L’enfant de demain

enfant_de_demain-2— Par Michèle Bigot —

D’après Souvenez-vous de moi, l’enfant de demain
De Serge Amisi,
Avec Mathieu Genet et Serge Amisi,
Mise en scène : Arnaud Churin,
Chapelle du Verbe incarné, du 5 au 27/07/2014

Cette proposition théâtrale naît de la rencontre du metteur en scène Arnaud Churin avec un texte Souvenez-vous de moi, l’enfant de demain de Serge Amisi . il raconte lui-même comment, à la recherche de textes pouvant conduire des ateliers pour les apprentis acteurs des écoles de la Comédie de Saint-Étienne , il rencontre, au milieu d’autres témoignages sur la vie des enfants soldats d’Afrique centrale, le livre de Serge Amisi. Émerveillé par la langue d’Amisi, qui écrit en Lingala puis traduit en français, pliant, à l’instar d’Aimé Césaire « la langue française à son vouloir-dire », il s’empare du texte pour en faire l’objet et le support d’un travail collectif d’écriture théâtrale.
Car ce texte est un récit, mené selon le point de vue de Serge enfant.

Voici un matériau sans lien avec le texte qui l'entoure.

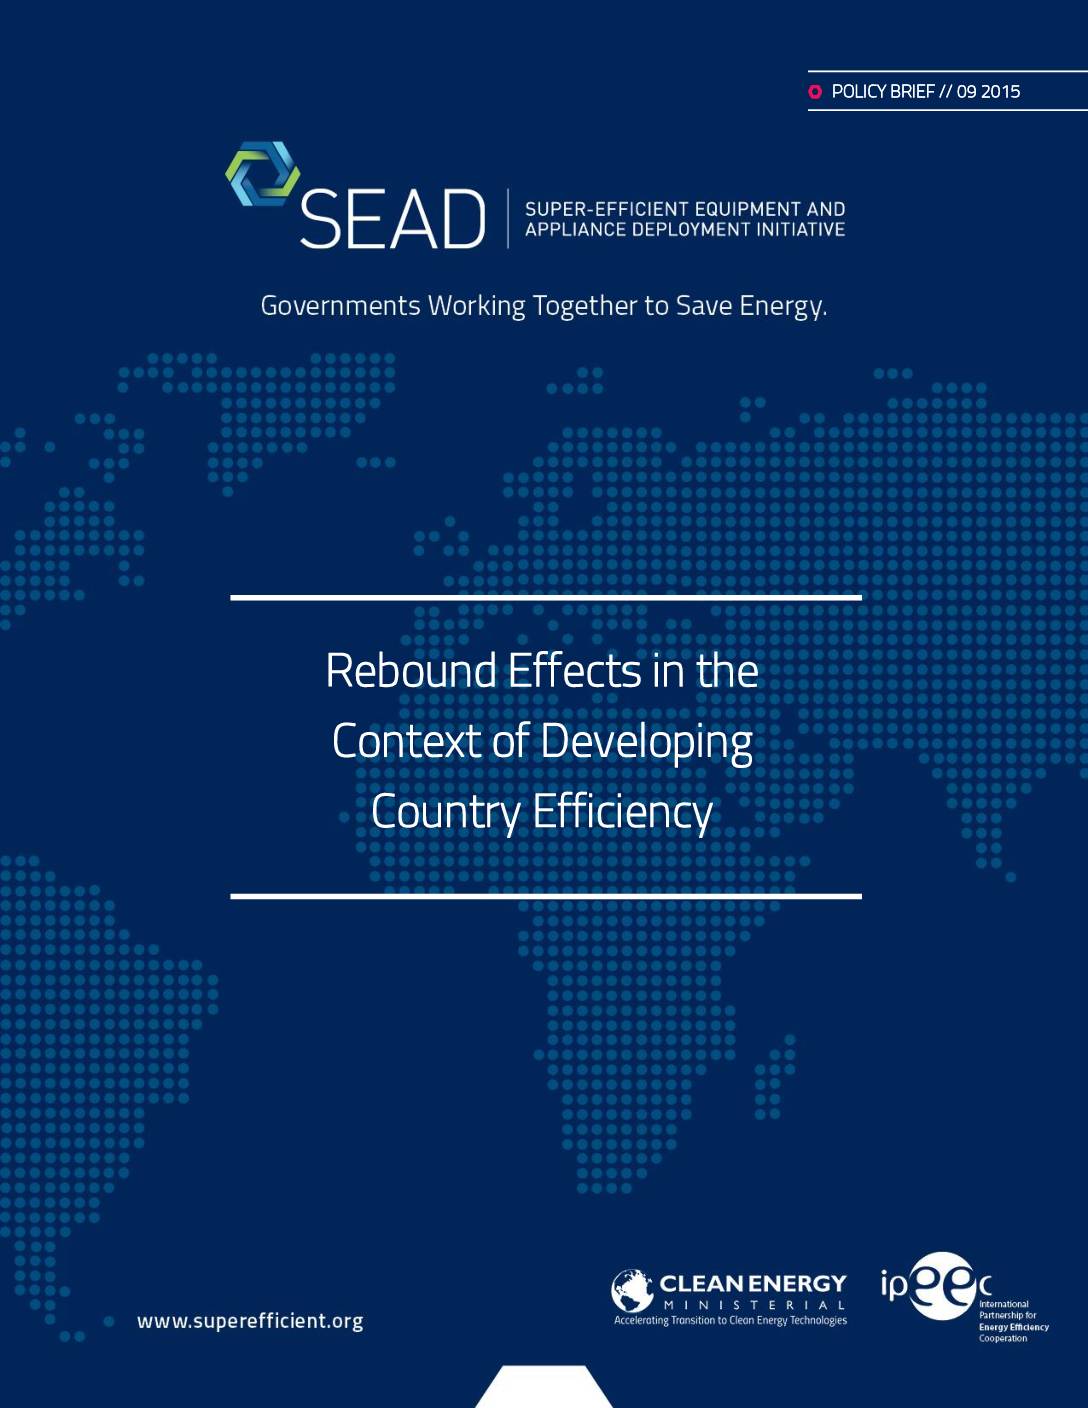 Rebound Effects and Developing Countries

Et c’est cette vision enfantine du monde où la fraîcheur rencontre l’horreur qui va lentement se banaliser au quotidien. Enfance ordinaire en ses débuts, une mère aimante, un père absent, des parents divorcés, une décision de justice sépare l’enfant de sa mère, qui dès lors est jeté dans un monde sans pitié. La marâtre fait le nécessaire pour se débarrasser de l’enfant et le voici jeté sur les routes. Recueilli par son oncle- la seule figure humaine pleine de dignité- le voilà bientôt enlevé par des soldats rwandais, alliés du révolutionnaire Kabila, en route pour renverser Mobutu. Dès lors l’enfant va être le jouet des soldats qui le nomment « chef des Kadogos » (enfants soldats). L’oncle paternel vient au centre de formation pour récupérer son neveu, et c’est alors que les soldats vont obliger l’enfant à tuer son oncle.

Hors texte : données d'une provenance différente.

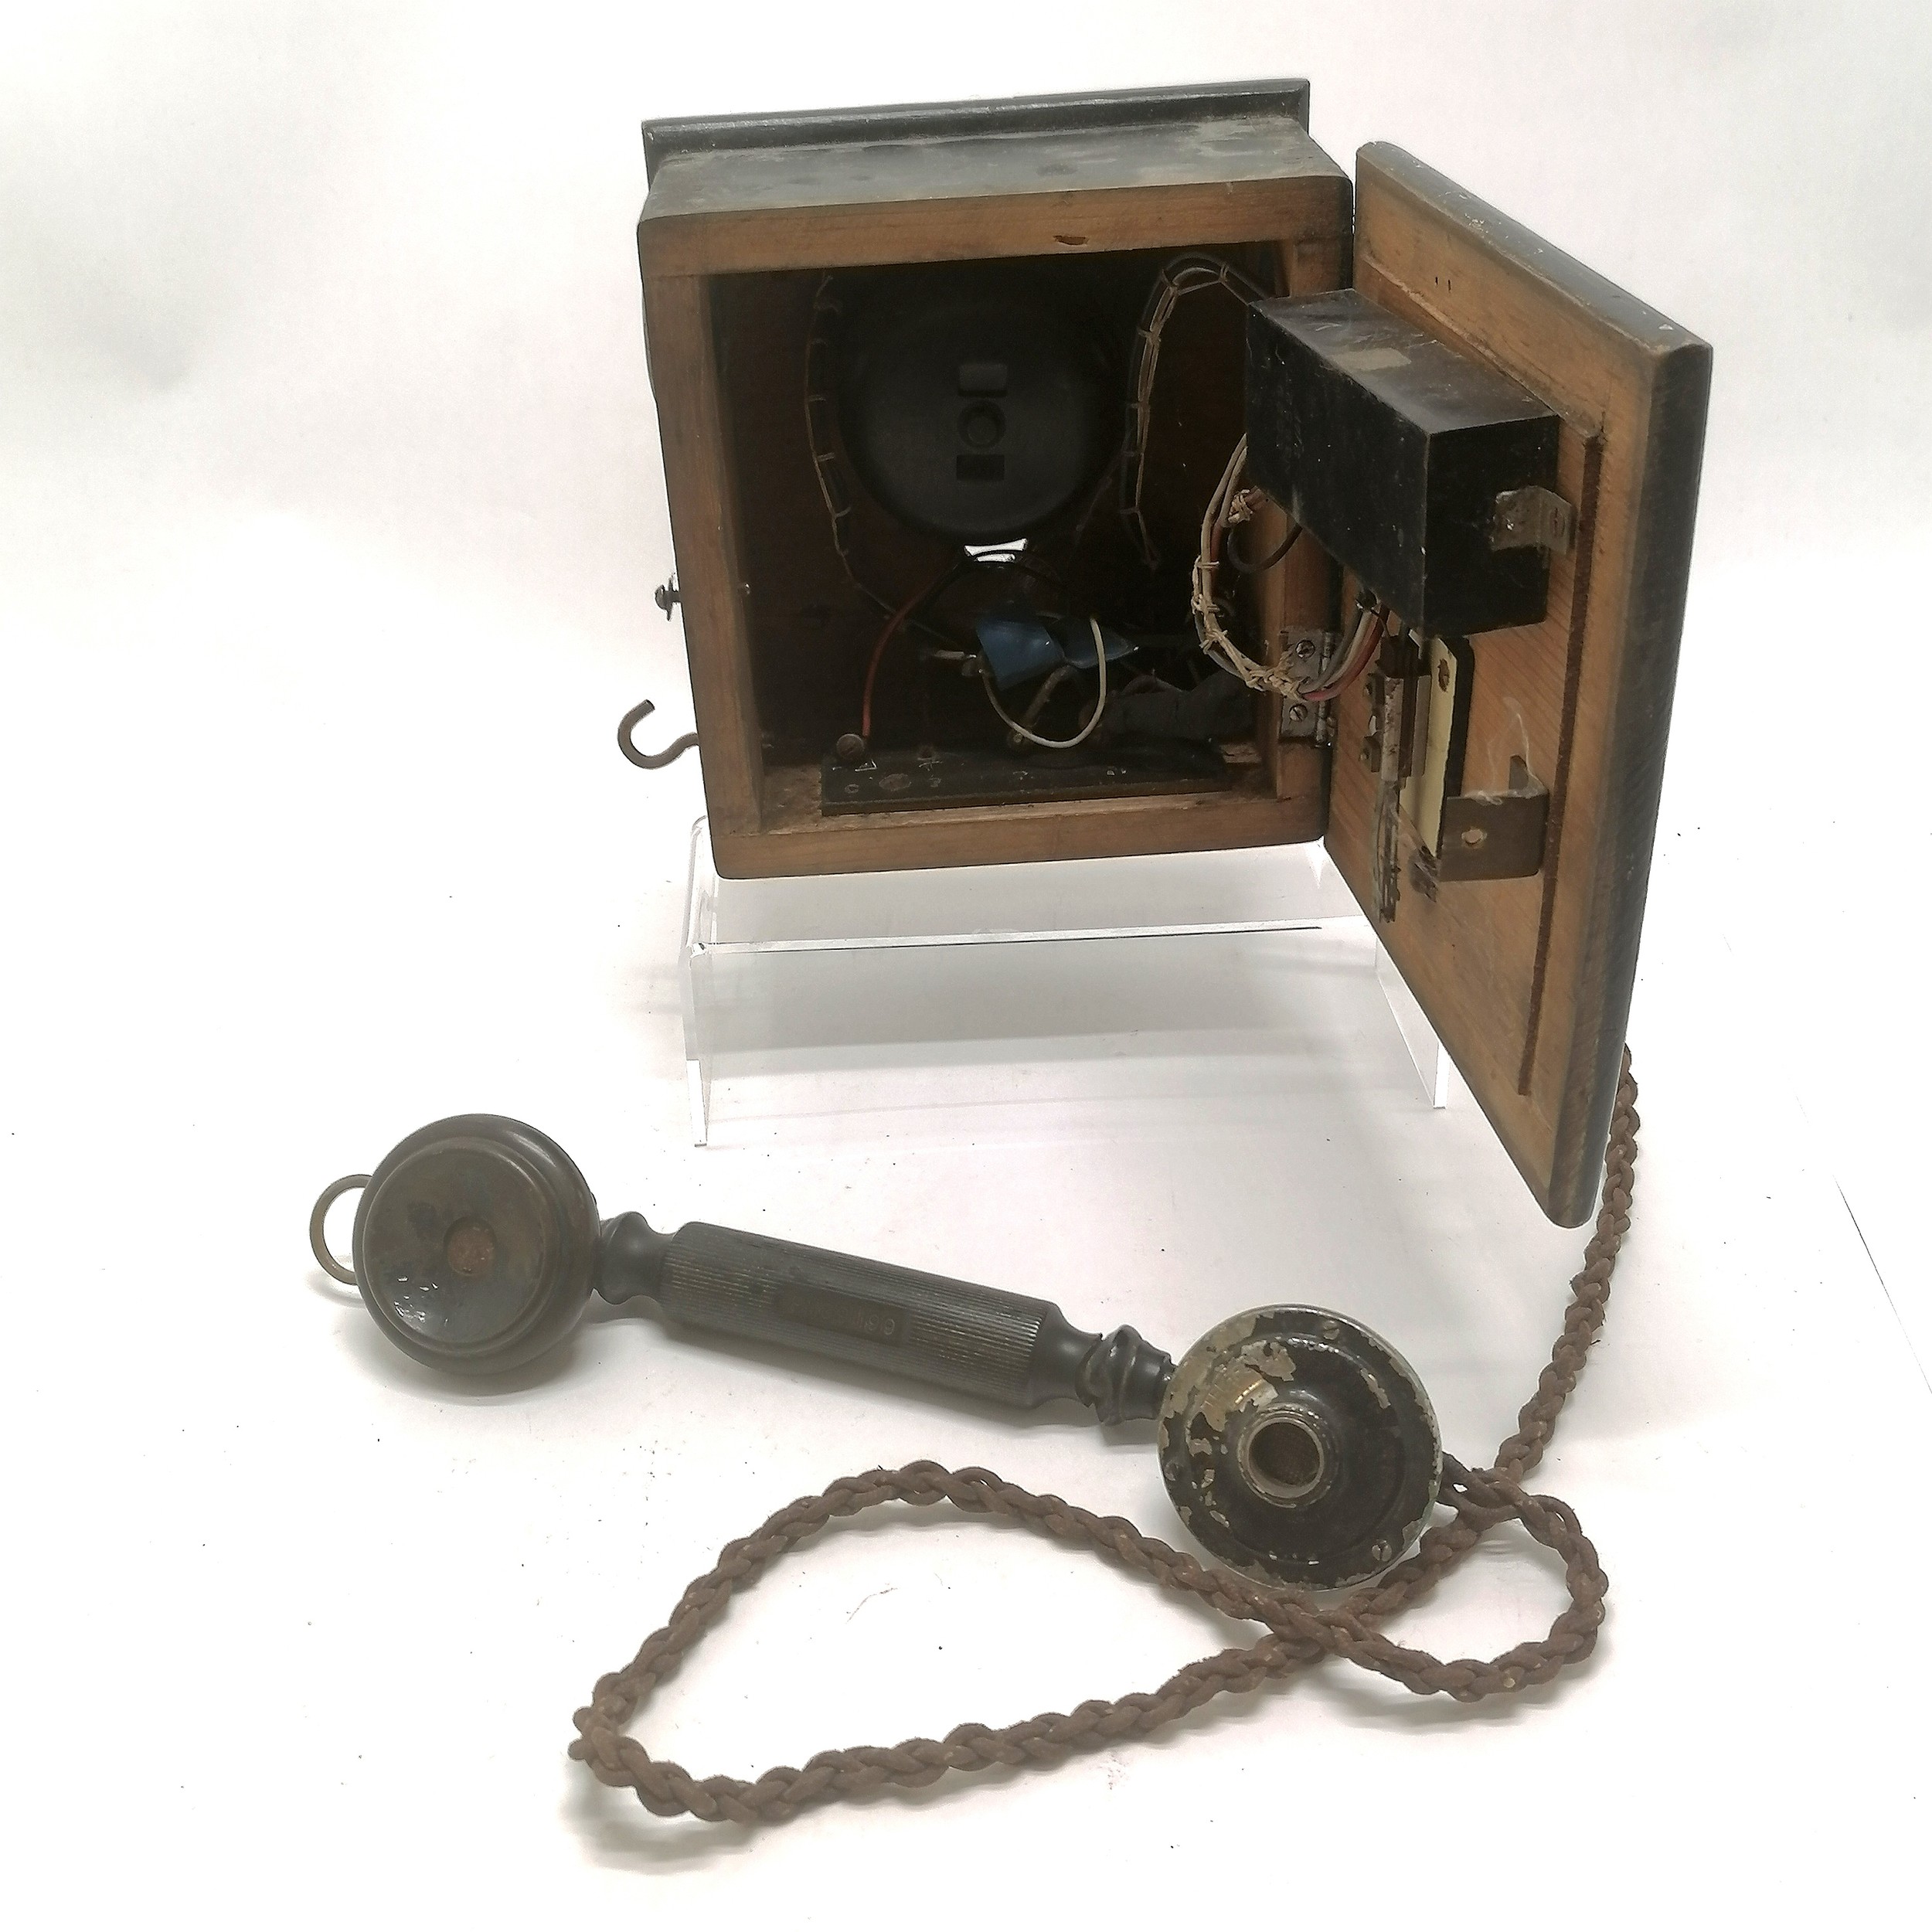 Electric Signals Ltd, Sydney railway telephone with morse code button to front - receiver length - Image 2 of 5

L’enfant glisse dans l’horreur sans véritablement comprendre ce qui se passe. Il vit les événements tragiques sur un mode mécanique. La machine à tuer qu’il est en train de devenir ne réussit pas cependant à éliminer l’enfance qui reste en lui. Sa seule préoccupation est de s’acheter des jouets avec sa maigre solde. A la fois bourreau malgré lui et victime de l’arbitraire le plus pervers et des sévices les plus dégradants, l’enfant cherche à fuir.
Le plus étonnant est que ce récit pathétique n’est pas exempt de drôlerie, de touches comiques et d’une profonde poésie. Car cet enfant joueur aime à amuser les autres « animant » des chansons pour les soldats adultes et devenant la mascotte du régiment.
Comment porter à la scène un tel récit ?
Serge Amisi lui-même a fait partie de l’équipe, pour réaliser une véritable adaptation du texte narratif à la scène. Serge joue son propre personnage, mais il y a dédoublement dans sa représentation. Sur scène ce sont deux acteurs, Serge Amisi et Mathieu Genet qui se partagent la représentation du héros et créent ainsi une dramaturgie, un dialogue, des effets de rythme, des échanges, et toute une chorégraphie à deux qui rend compte du dédoublement de personnalité de l’enfant. Le héros et son double se répondent, se relaient. Présence de chants, d’autres voix, alternance des langues proférées, swahili, lingala, français. Toute dynamique dramaturgique produite par le travail en équipe. Rien n’est écrit à l’avance, le montage du texte se réalise dans un faire sur le plateau.
Décor minimal. Un rideau de franges en fond de plateau, une marionnette à masque présentant le personnage de l’oncle, tout le reste de la dynamique scénique est confié au geste, au mouvement, à la danse et à la circulation de langues, musiques, paroles. Ainsi ce passage où l’enfant échappé de l’armée et perdu erre au fond de la forêt pendant des nuits et des jours sans manger ni rencontrer âme qui vive est restitué par l’acteur dialoguant avec son arme. L’objet prend alors une dimension surnaturelle, dont la figuration hésite entre la branche et le mitraillette. Entre terreur enfantine, puissance magique et poésie première, la force de suggestion naît du jeu de l’acteur, pliant son corps au désarroi de l’enfant.
Avec peu de moyens, ce travail collectif tire parti du moindre accessoire pour restituer toute la force de ce texte étonnant, qui plaide pour la cause de l’enfance martyrisée par la folie des adultes.